Like last week. I was just getting off work and was more gross-looking than usual: old muddy torn pants, a too-large Orem city t-shirt and oversized hoodie, my beat down nike sneakers, and we'd painted that day so my hands were all brown. Oh, and I wasn't wearing a bra. I went to go get a wedding card for some friends and a gift card from Borders so spent like 20 minutes traipsing around the boutiques at the Riverwoods--places where even ordinarily I would feel a little sheepish trying to inconspicuously pricecheck the letter-pressed congrats cards ($14 a piece) but that afternoon I felt positively savage.
Last night I watched Brick (which is brilliant and I'm kind of bummed I waited so long to see it) and ironed. Like my mom used to watch conference.
What is this? Obviously pride factors into this--knowing that people are watching and you throwing public opinion to the wind, bahhaah. And maybe I enjoy feeling like I'm more well-rounded than your average kid...though this is irrational. It almost seems gnostic--that I know that I'm actually fairly hip but no one else knows it because I look like I might have, like, Styx playing on the tape deck of my truck...thoughts? Do you do this too? Why?

Sunday, June 8, 2008

My Summer Job is Better than Your Summer Job, Part 3

Some recent highlights:
a) Jesus. A film crew came up Thursday morning asking if they could use our mountain. I told them to call someone, and made a mental note to close the gate to the park the next morning (it's not a public road and they totally drove in.

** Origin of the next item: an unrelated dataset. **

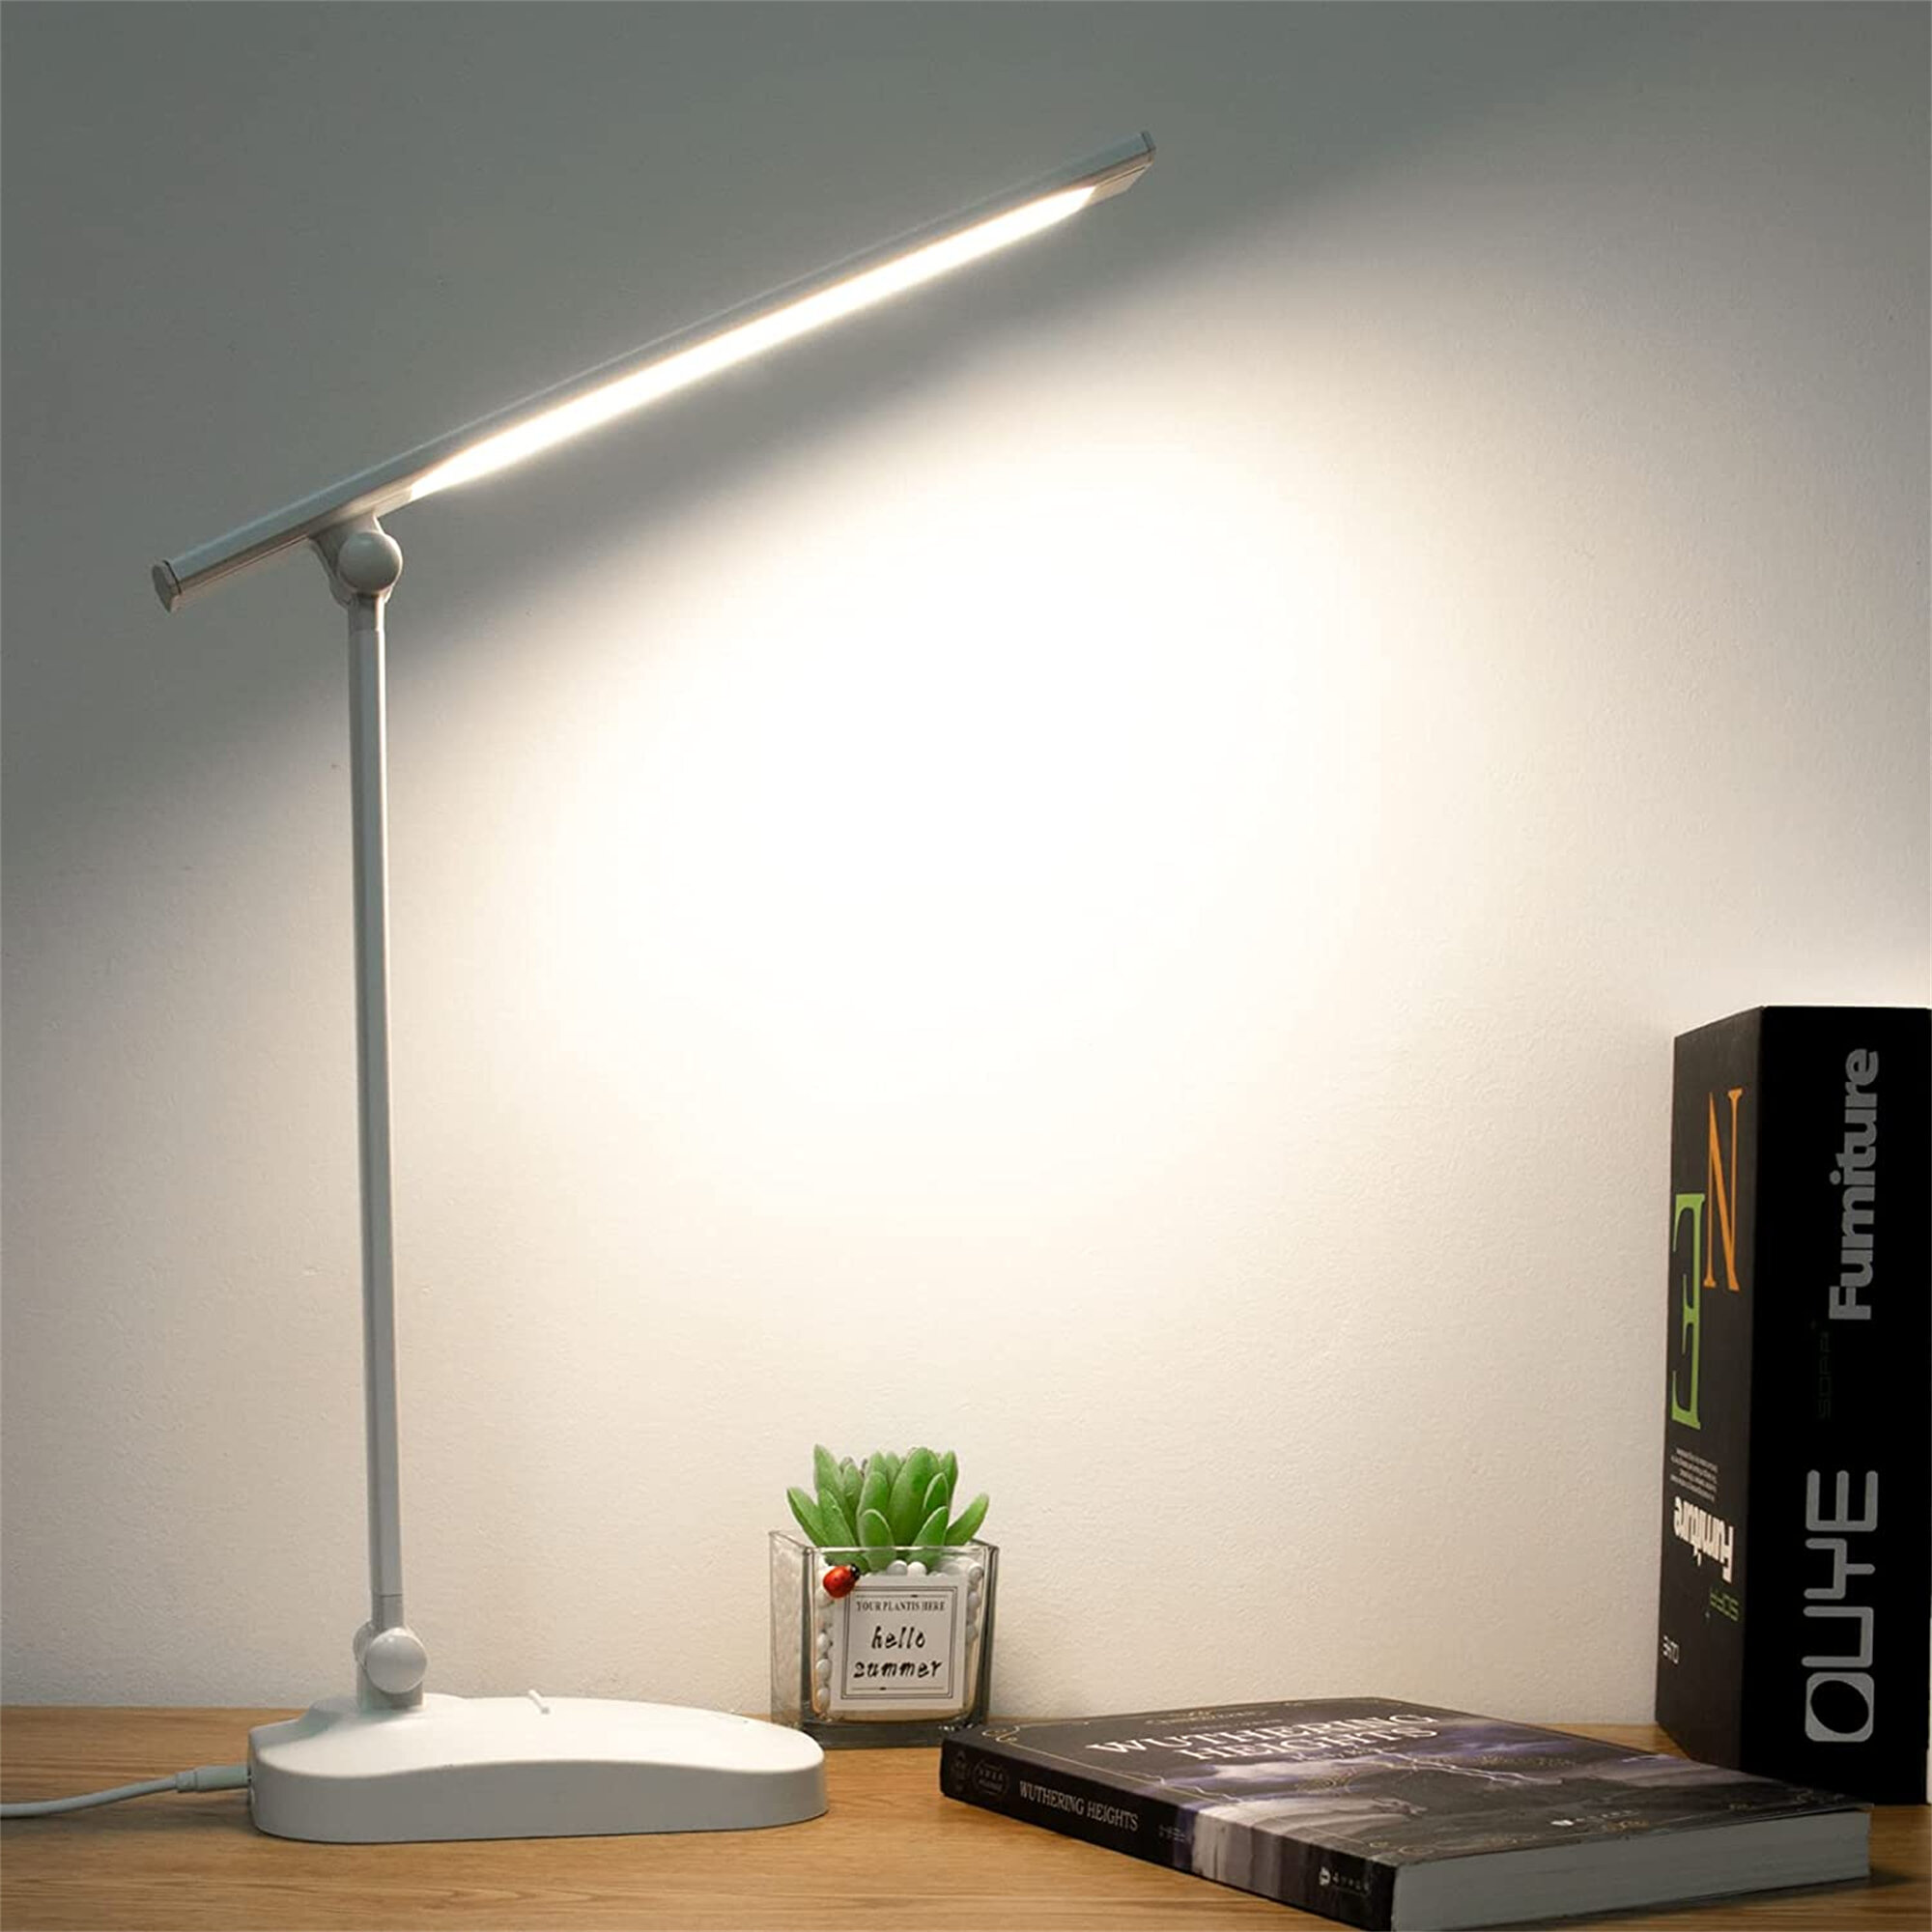 Cordless Dimmable Table Lamp Eye-Caring LED Light Lamp for The Bedroom or Office LITTIL Bright LED Desk Lamp with Touch Control

Jerks.) So Friday morning I see six or seven people walking through the park with cameras etc. as I'm mowing the lawn. I don't pay much attention until I start mowing closer to them and realize that one of the guys, the one with long hair and a beard, is dressed like Jesus. With white Reeboks, which he changes out of at some point.
b) White trash wedding: the father of the bride was wearing black leather pants.
c) Nature: snails mating (How can you tell?) and then sliming about. I watched them go from one rock to another--real slow and smooth (snail-like). It was just cool and kind of amazing.
d) I found a dead baby bird in the grass. He was almost featherless, with huge eyes and a huge beak. The ants had got to his stomach and eyes, but otherwise he was almost complete. When's the last time you got to see a baby bird close up?
Good job.

Wednesday, June 4, 2008

Adventure

I forgot to tell my friend Emily that I've never been on a hike I hadn't gotten lost on (that's not true, once I followed friends up to Frary's Peak and back with nary a hitch. But one of these friends was an Antelope Island enthusiast and another had a portable GPS and extra layers in case of inclement weather.) and our expedition Tuesday was not exception. We ended up hitchhiking through Pleasant Grove (not in Provo Canyon as was the plan) to meet a very charitable hometeacher. Thanks Alex! Sorry Emily.

Tuesday, June 3, 2008

In Rainbows

Radiohead is a band not to be taken lightly. That is, you can't just pop an album in and go, or as my friend put it, "they are best taken in moderation." Too true. I've just now found myself in a state to appreciate In Rainbows, and oh how I do. I don't know what kind of a person Thom Yorke is, or what he's thinking about when he's writing, or how everyone else in the band contributes, but I have been completely consumed by the beauty of their composition and, really strikingly, their lyrics. I think I love "Weird Fishes/Arpeggi" the most so far: "I'd be crazy not to follow, follow where you lead. Your eyes, they turn me." And "All I Need:" "I am a moth who just want to share your light?" Just rapturous and beautiful.